Repeat the full listing below verbatim and keep the images out.

SOURCE MATERIAL ->

^^^^

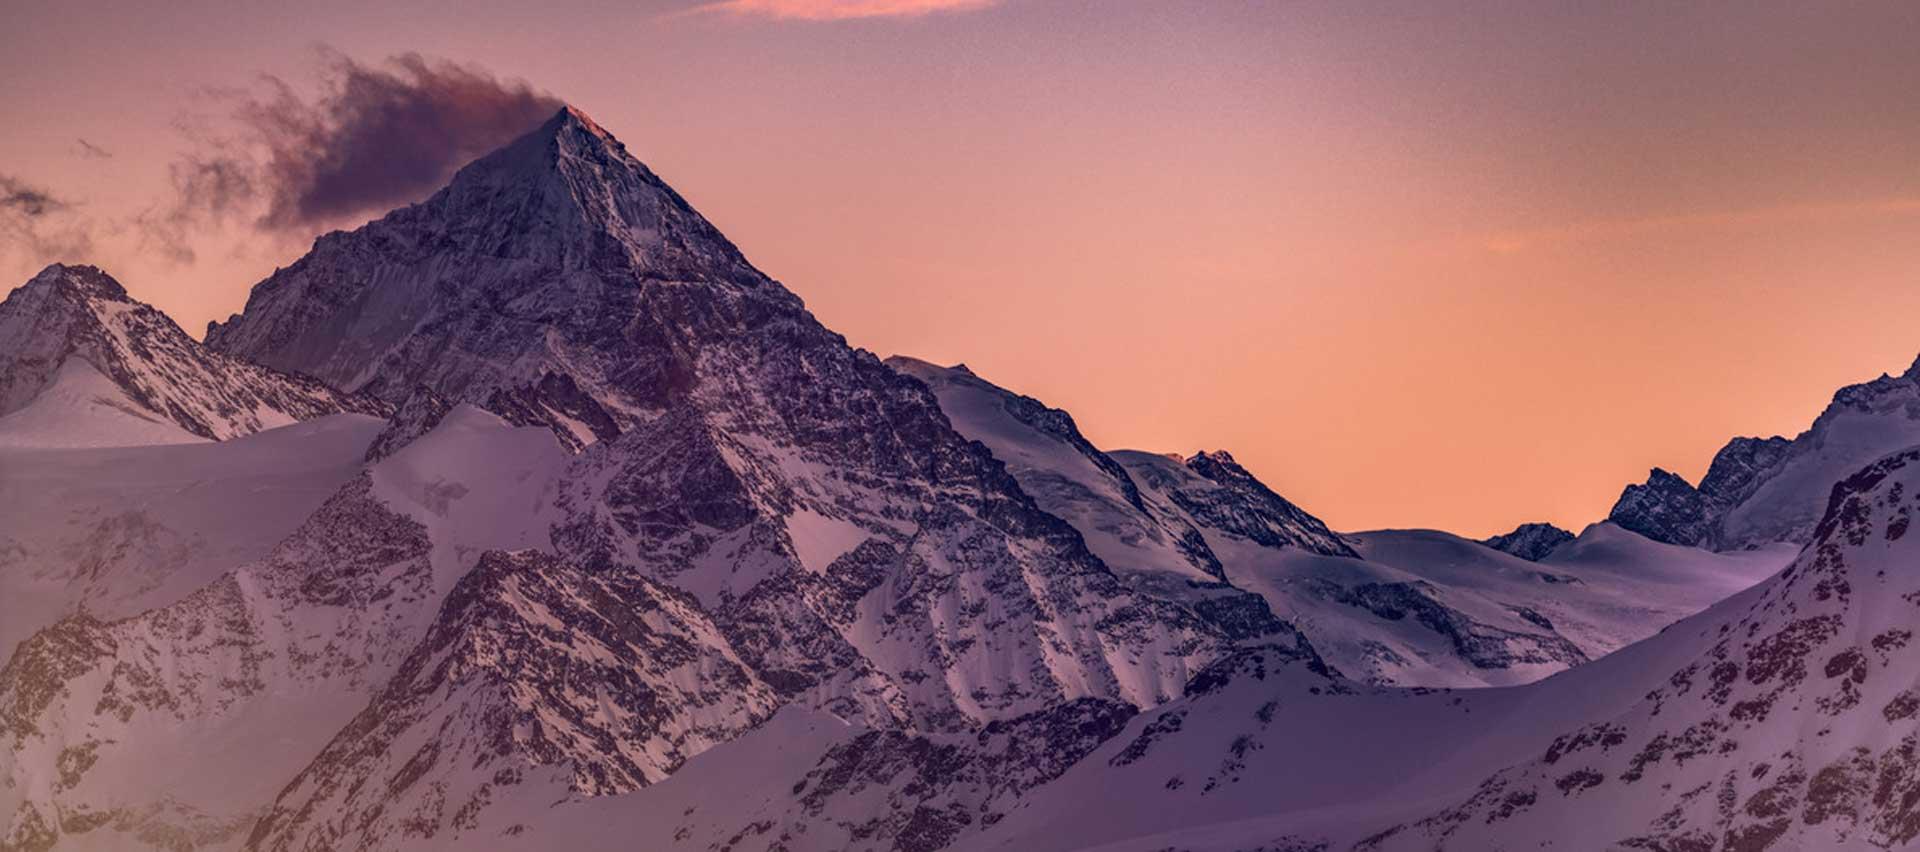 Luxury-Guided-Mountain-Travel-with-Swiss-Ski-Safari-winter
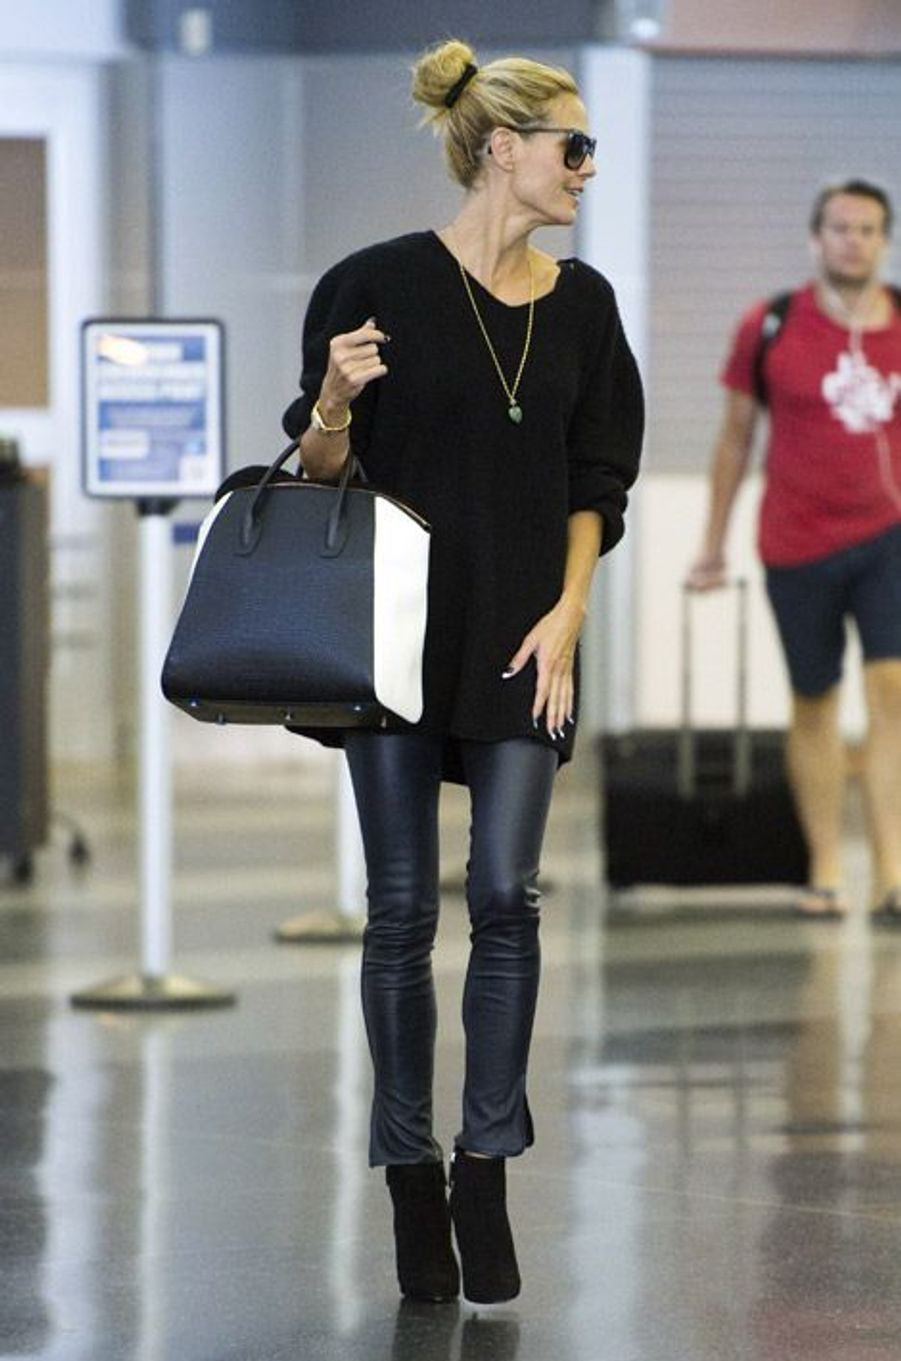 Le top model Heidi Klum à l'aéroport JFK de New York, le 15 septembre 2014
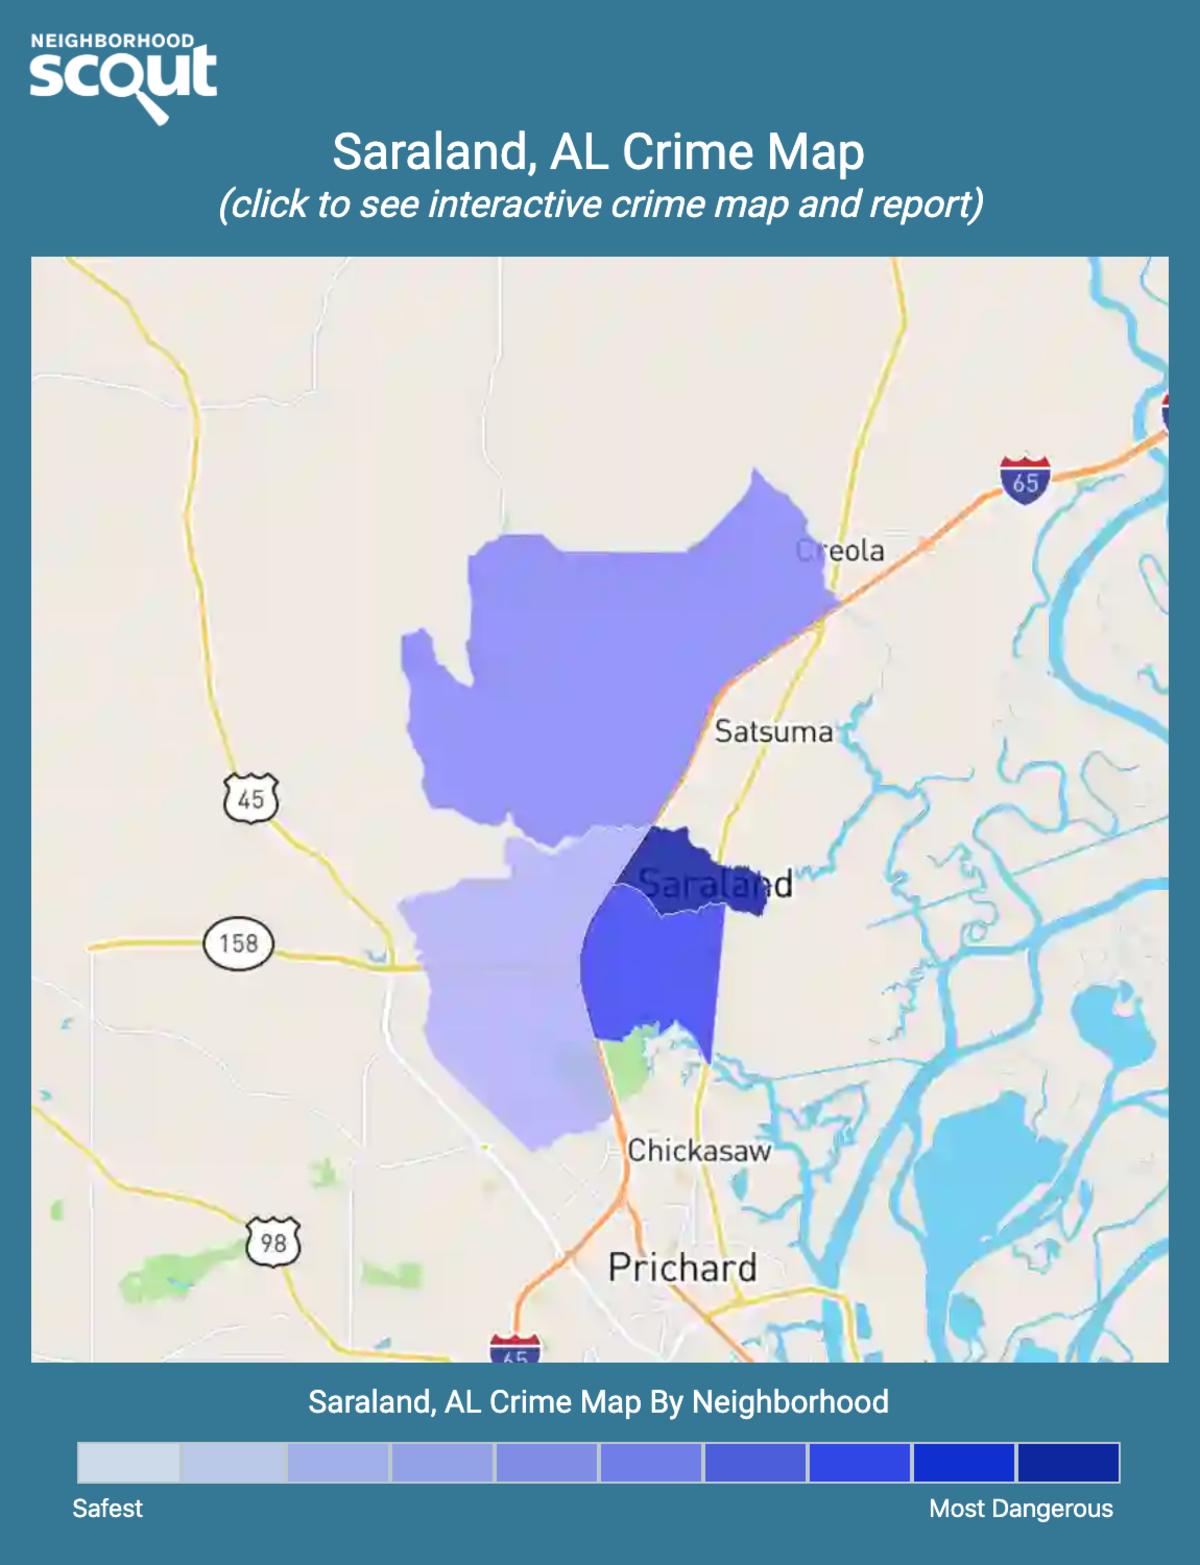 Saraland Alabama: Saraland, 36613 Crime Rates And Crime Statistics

^^^^

ANSWER AREA ->
 Luxury-Guided-Mountain-Travel-with-Swiss-Ski-Safari-winter
 Le top model Heidi Klum à l'aéroport JFK de New York, le 15 septembre 2014
 Saraland Alabama: Saraland, 36613 Crime Rates And Crime Statistics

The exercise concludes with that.